The ½ factor comes from calculus. As a capacitor charges, the voltage starts at 0 and increases to the final voltage V. The energy is the integral of power over time, and since voltage increases linearly, the average voltage during charging is V/2. This gives E = Q × (V/2) = CV²/2.
A supercapacitor (or ultracapacitor) has extremely high capacitance—from 1 F to thousands of Farads. They bridge the gap between batteries and regular capacitors:
- High power density: Can charge/discharge very quickly
- Long cycle life: 100,000+ charge cycles
- Lower energy density: Less total energy than batteries
- Uses: Regenerative braking, power backup, energy harvesting
Voltage has a squared relationship with energy (E = ½CV²). This means:
- Double the voltage → 4× the energy
- Triple the voltage → 9× the energy
- Half the voltage → ¼ the energy
This is why high-voltage applications can store significantly more energy with the same capacitance.
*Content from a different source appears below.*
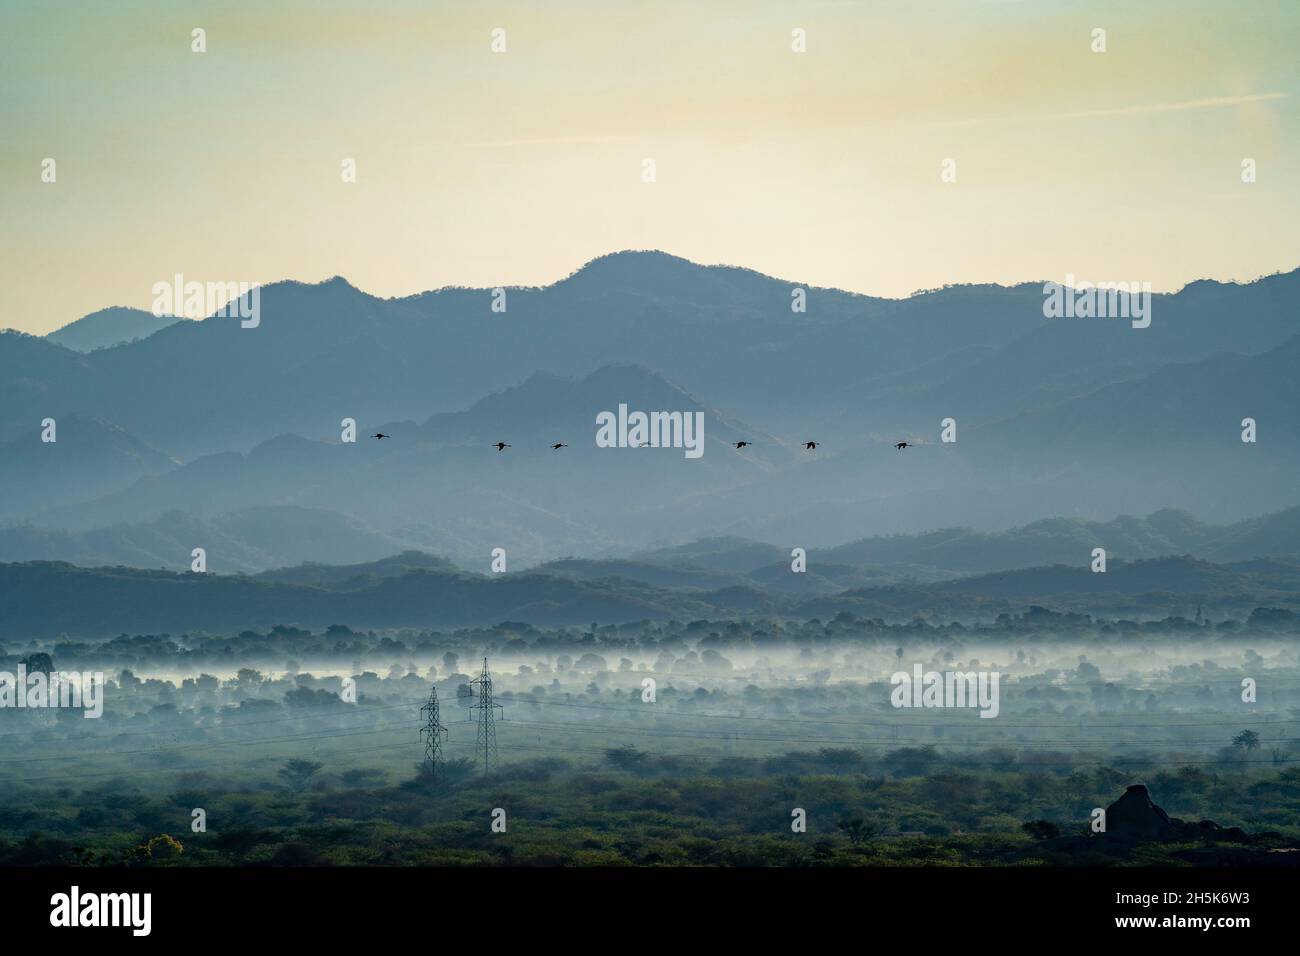 The landscape surrounding a dam lake with birds flying over the desert and silhouette of the Aravali Hills in the Pali Plain of Rajasthan Stock Photo

Every physical capacitor has a maximum working voltage (VDC) rating. Exceeding this voltage can cause:
- Dielectric breakdown: The insulator fails and current flows through
- Explosion/fire: Electrolytic capacitors can violently vent
- Immediate failure: The capacitor becomes a short circuit
For example, a 100 µF capacitor rated at 25V should never be charged to 50V, even though the calculator would show 4× the energy. Always select capacitors with voltage ratings at least 20% higher than your expected operating voltage.
Yes, charged capacitors can be extremely dangerous. Key safety concerns:
- Electric shock: Even 50V with high capacitance can deliver dangerous currents
- Burns: High-energy discharge generates intense heat instantly
- Arc flash: Large capacitors can produce bright, dangerous arcs
- Retained charge: Capacitors hold charge for hours or days after power-off
Safe discharge procedure: Use a 1kΩ–10kΩ resistor (rated for the power) connected across the terminals. Never short-circuit a charged capacitor with a screwdriver—this can cause welding, burns, and flying metal fragments.